Saturday, December 15, 2012

‘The Hobbit: An Unexpected Journey’

Review by James Colt Harrison

Author J.R.R. Tolkien (1892- 1973) was a British Officer during World War I, was a professor, poet and respected gentleman. He was also quite brilliant and a man with a great imagination. He used that imagination to conjure up some of the most beloved books in history. Selling in the millions, “The Lord Of The Rings” and “The Hobbit” were just two of his fantasy-inspired books to capture the interest of young and old everywhere around the world.

One of those adults fascinated with the stories is film director Peter Jackson. He made a name for himself by creating The Lord Of The Rings trilogy, which became a world-wide hits. The films reaped more than $3 billion at the box office. Jackson won an Oscar®  in 2003 for directing Lord of the Rings: The Return Of The King.

By 2007, Peter Jackson was signed to produce a film of The Hobbit, with Guillermo del Toro directing. The two men collaborated on the script for months, with del Toro flying back and forth to New Zealand every few weeks. Also working with them on the script were Fran Walsh and Philippa Boyens.

When the film was delayed time and time again for various reasons        ( budgets, set designs, legal wrangling, etc), del Toro stepped out as director in May 2010. Because of the financial woes of MGM studios, del Toro stated “In light of ongoing delays in the setting of a start date for filming,”(I will) “take leave from helming.” On June 25, 2010, Peter Jackson was signed on as the new director.

Jackson saw a greater scope for the film and its associated stories in Tolkien’s other books.
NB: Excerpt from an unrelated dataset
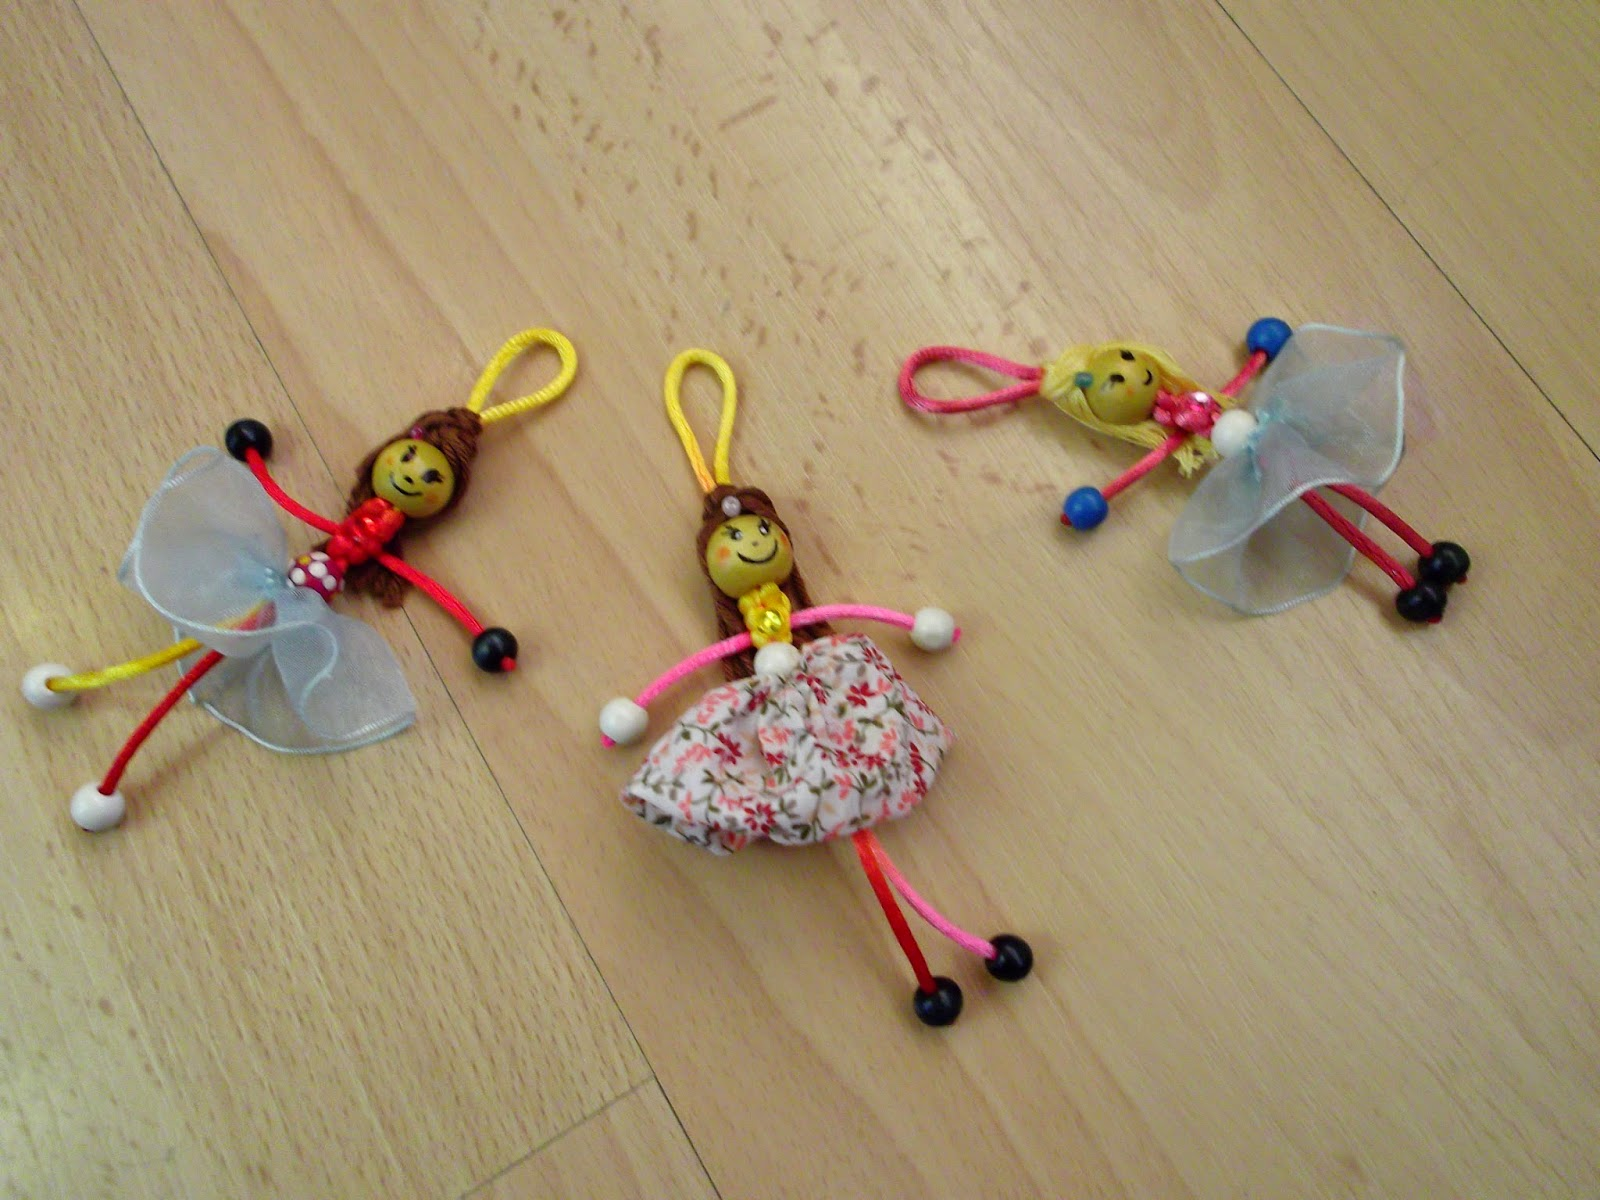 Manualidades yolohago bailarinas - Manualidades de decoracion ...

Although originally planned as a two-part film, Jackson now realized in July 2012 he needed to add a third film to do the story arc justice. Also, to capture accurately the imagination and beauty of the story, Jackson decided to add 3D to the filming process for all three films. The second film will have the title Desolation of Smaug (2013), and the third and final film will be titled There and Back Again (2014).

Digging the plot out of a very involved and complicated film was not easy, but in a capsule, Wizard Gandolf (Ian McKellen) hires laid-back hobbit Bilbo Baggins (British actor Martin Freeman) to accompany 13 dwarves on a quest to reclaim their homeland on Lonely Mountain from the nasty dragon Smaug (voiced by Benedict Cumberbatch). The lead dwarf is played by 6’-2” tall British actor Richard Armitrage, who was shrunk down with computer magic.

The film is populated with many ugly monsters and giant animals that will probably scare the daylights out of anyone younger than 12. They scared me! The point is that the plot is not the most important aspect of the movie. No, it’s the special effects, without which there would be no film.

A finer use of 3D I have rarely seen ( Avatar and Hugo come to mind), and cinematagrapher Andrew Lesnie has used his three dimensional camera for terrific effects and unending depth of field. The 3D, of course, enhances all the special effects by concept artists John Howe and Alan Lee as whipped up by the Weta Workshop and Weta Digital. How did they do that? It’s a question you will be asking many times. It’s simply stupendous, to coin a Hollywood verb. Audiences will come to see the wizardry done not only by Ian McKellen, but by the talented crew behind the camera and in the model shops. The film is wildly entertaining, and most of the thrills and chills are created by the special effects.

Special note should be made about Andy Serkis and his acting and creation of the bony, half naked and bug-eyed creature Gollum. It was all done with motion-capture techniques and green screen. But Serkis’ actions and emoting are terrific scene stealers during his brief encounter with Baggins (Martin Freeman).

The Hobbit is certainly a film of stature, filled with exhilarating battle scenes, and one that can be enjoyed throughout its lengthy running time.

Others in the cast are Cate Blanchett, Ian Holm, Hugo Weaving, Stephen Fry, Billy Connelly, Barry Humphries, Elijah Wood, Christopher Lee.